In each of the cases below, assume that Division X has a product that can be sold either to outside customers or to Division Y of the same company for use in its production process. The managers of the divisions are evaluated based on their divisional profits:
Case | ||
A | B | |
Division X: | ||
Capacity in units | 100,000 | 100,000 |
Number of units being sold to outside customers | 100,000 | 80,000 |
Selling price per unit to outside customers | $50 | $35 |
Variable costs per unit | $30 | $20 |
Fixed costs per unit (based on capacity) | $8 | $6 |
Division Y: | ||
Number of units needed for production | 20,000 | 20,000 |
Purchase price per unit now being paid to an outside supplier | $47 | $34 |
Required:
1-a. Refer to the data in case A above. Assume that $2 per unit in variable selling costs can be avoided on intracompany sales. Determine the transfer price of the selling division.
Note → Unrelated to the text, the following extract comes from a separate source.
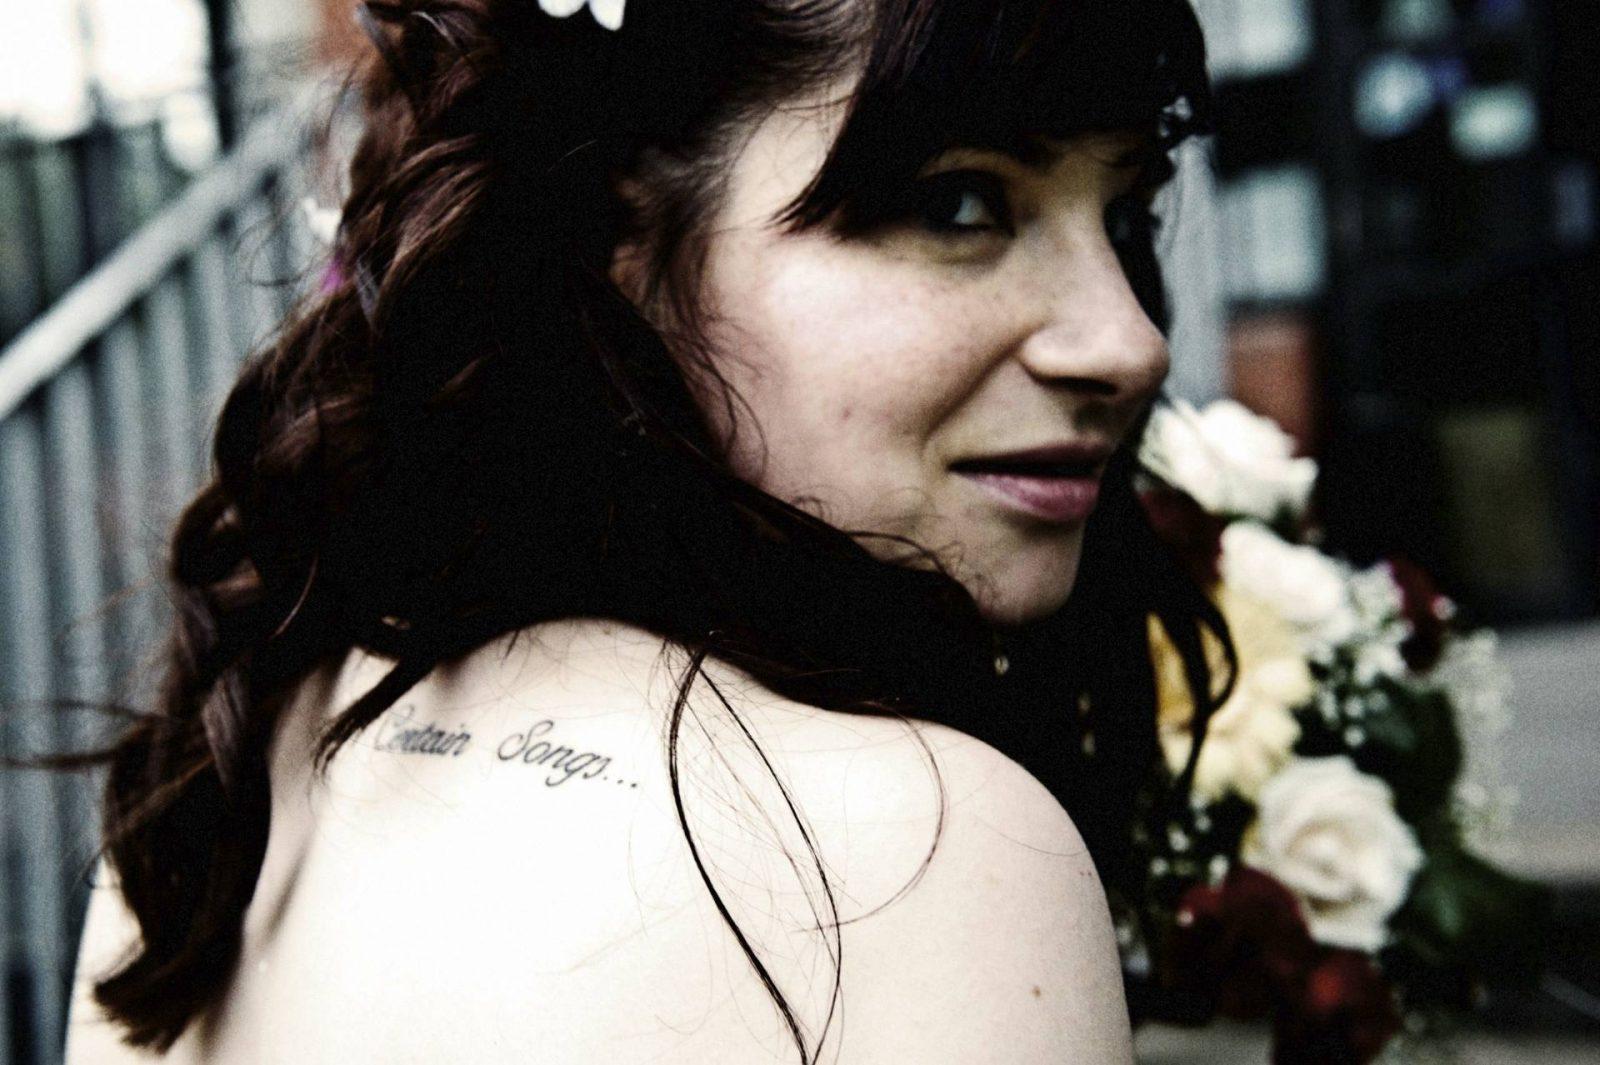 my monochrome tattoo tour;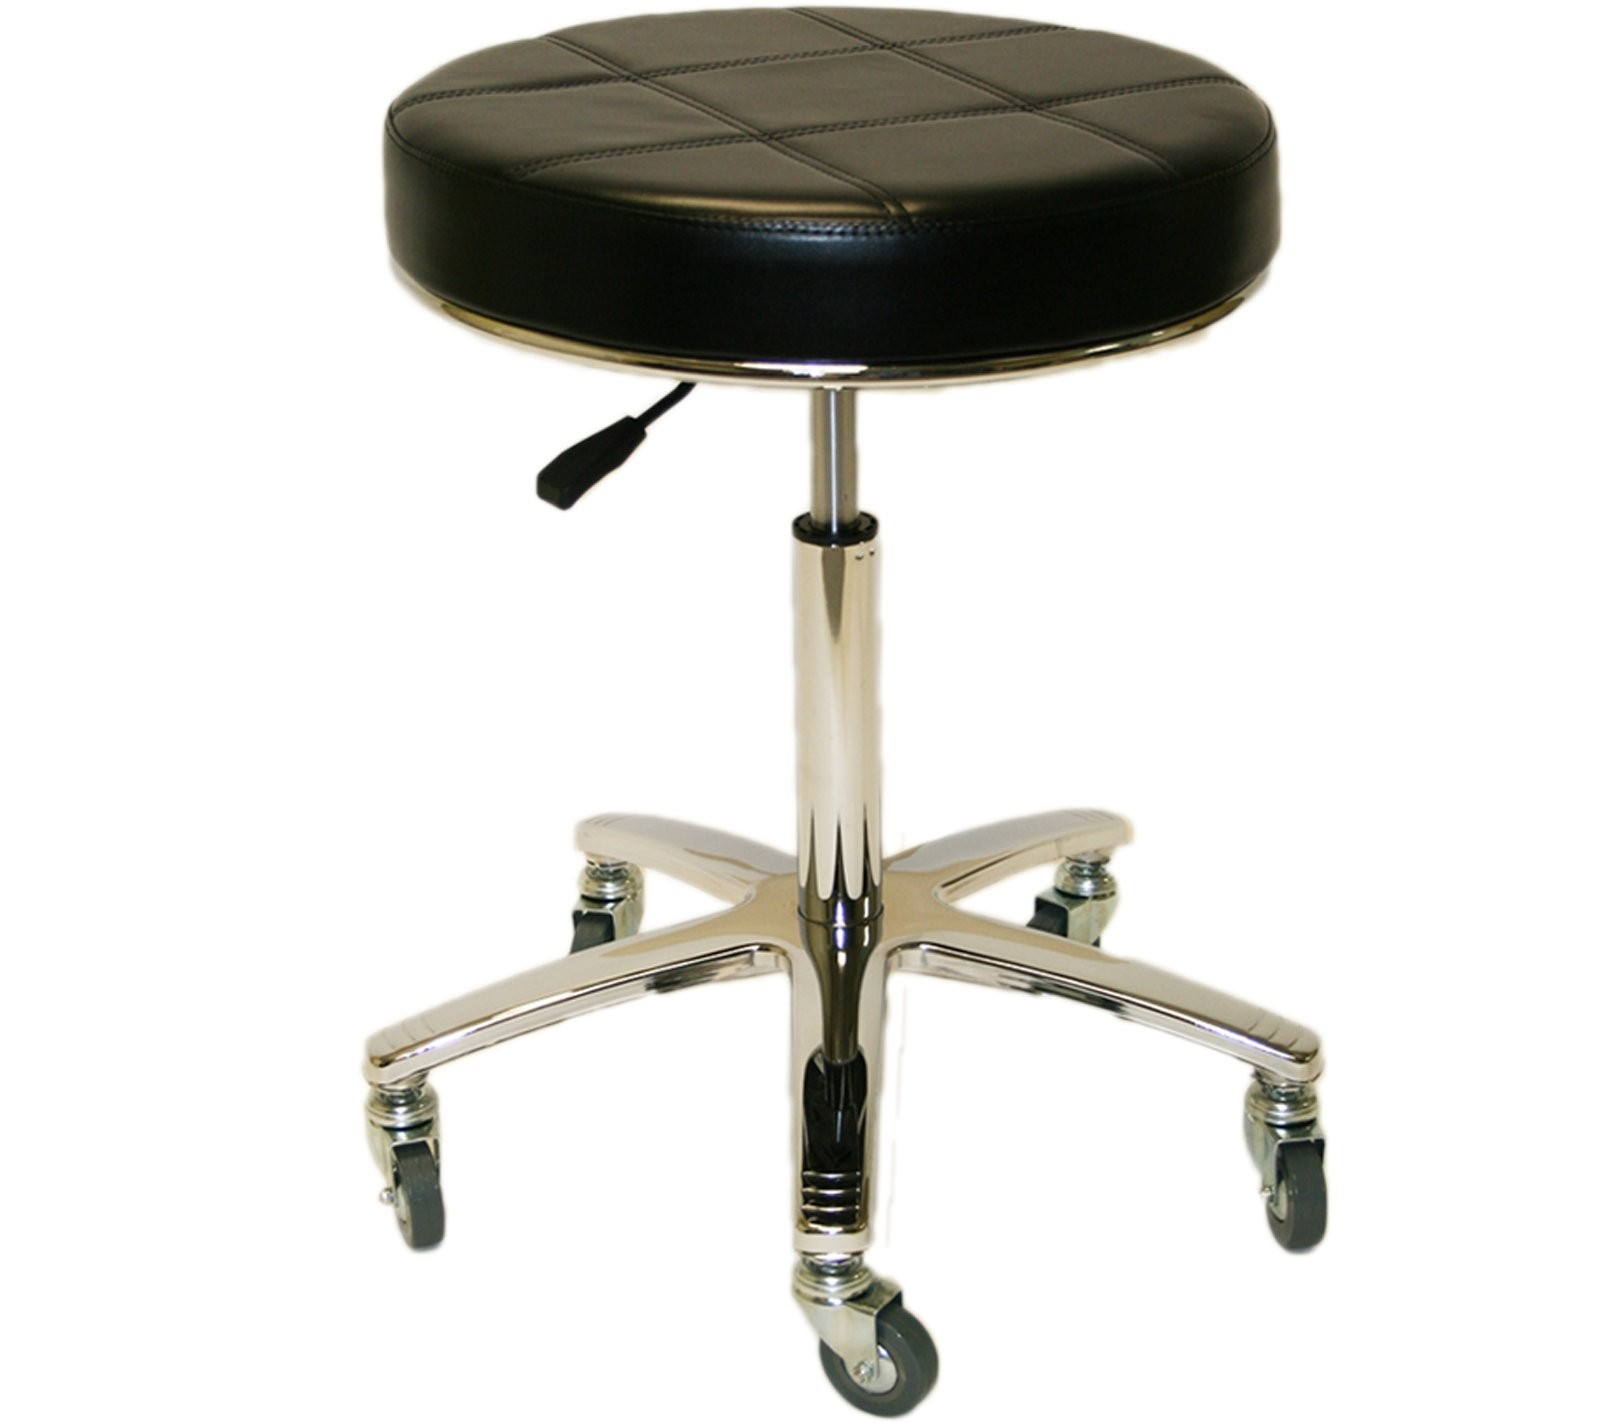 Breakfast Bar Padded Top Seat Folding Stool Portable Space Saving Non Slip Feet

1-b. If the managers are free to negotiate and make decisions on their own, will a transfer take place?
multiple choice 1
-
Yes
-
No
2-a. Refer to the data in case B above. In this case there will be no reduction in variable selling costs on intracompany sales. Determine the transfer price of the selling division.
2-b. If the managers are free to negotiate and make decisions on their own, will a transfer take place?
multiple choice 2
-
Yes
-
No
2-c. What is the range of transfer price the managers of both divisions should agree?